President of the Executive Council of Corsica
- In office 17 December 2015 – 21 April 2026
- Preceded by: Paul Giacobbi
- Succeeded by: Bianca Fazi (acting) Gilles Giovannangeli

Mayor of Bastia
- Incumbent
- Assumed office 28 March 2026
- Preceded by: Pierre Savelli
- In office 5 April 2014 – 7 January 2016
- Preceded by: Émile Zuccarelli
- Succeeded by: Pierre Savelli

Personal details
- Born: 20 April 1967 (age 59) Bastia, Corsica, France
- Party: Femu a Corsica
- Parent: Edmond Simeoni (father);
- Education: University of Corsica Pasquale Paoli
- Profession: Lawyer

= Gilles Simeoni =

French jurist, politician and lawyer

Gilles Simeoni (/fr/, /co/; born 20 April 1967) is a lawyer and politician from Corsica, France serving as Mayor of Bastia since 2026. He was previously mayor of Bastia from 2014 to 2016 and served as president of the executive council of Corsica from 2015 until his resignation in 2026. Notably, Simeoni served as the Corsican nationalist Yvan Colonna's lawyer at his trial for the assassination of Claude Érignac.

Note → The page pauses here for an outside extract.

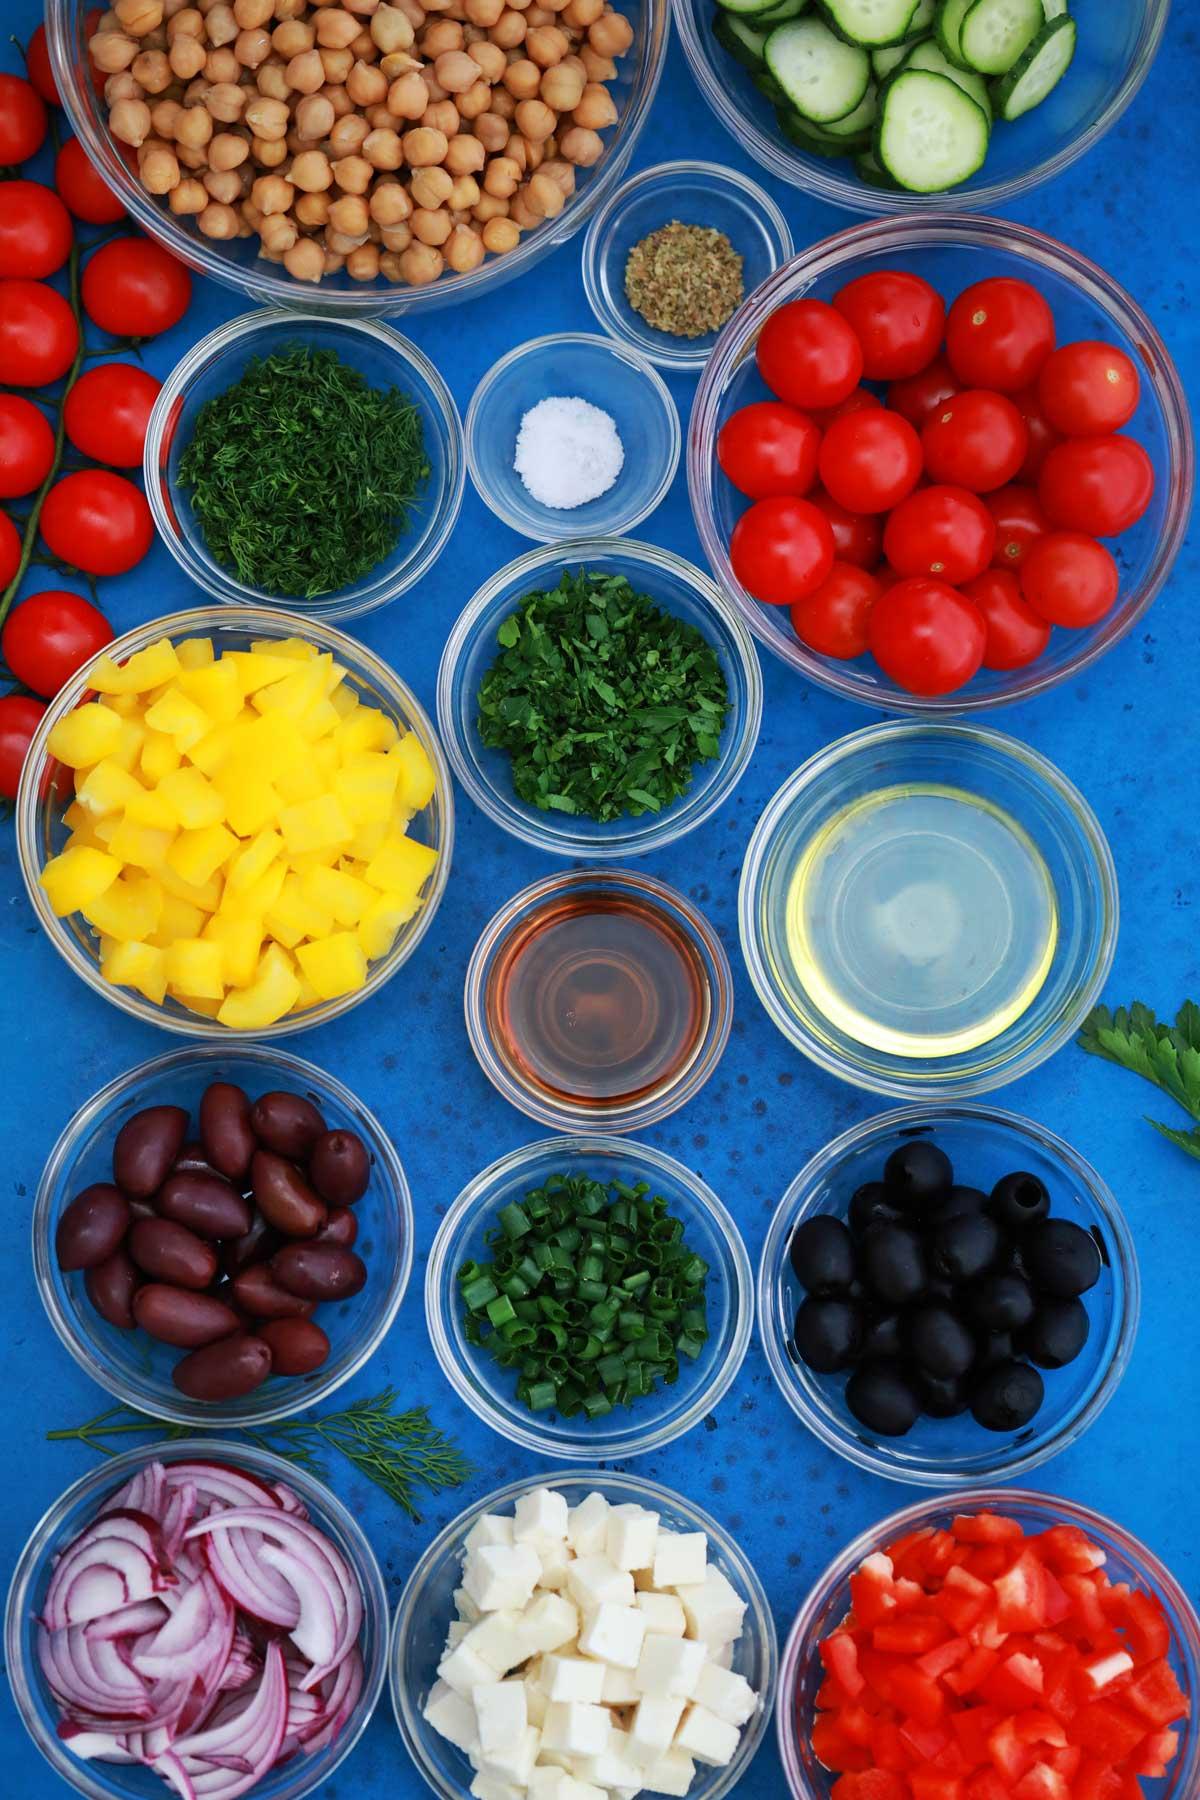 Ingredients for Greek chickpea salad

==Early life and education==
He is the son of Edmond Simeoni and the nephew of Max Simeoni.

He has a masters in law and a doctorate in political science specializing in Mediterranean Politics in the European Union which he received after his studies at the university of Corsica and Aix-en-Provence.

==Legal career==
He began practicing law on 27 October 1994 and was one of the best known criminal lawyers in Corsica.

He was one of Yvan Colonna's lawyers at his trial for the assassination of Claude Érignac and in 2010 he was listed as one of the thirty most powerful lawyers in France by the magazine GQ6.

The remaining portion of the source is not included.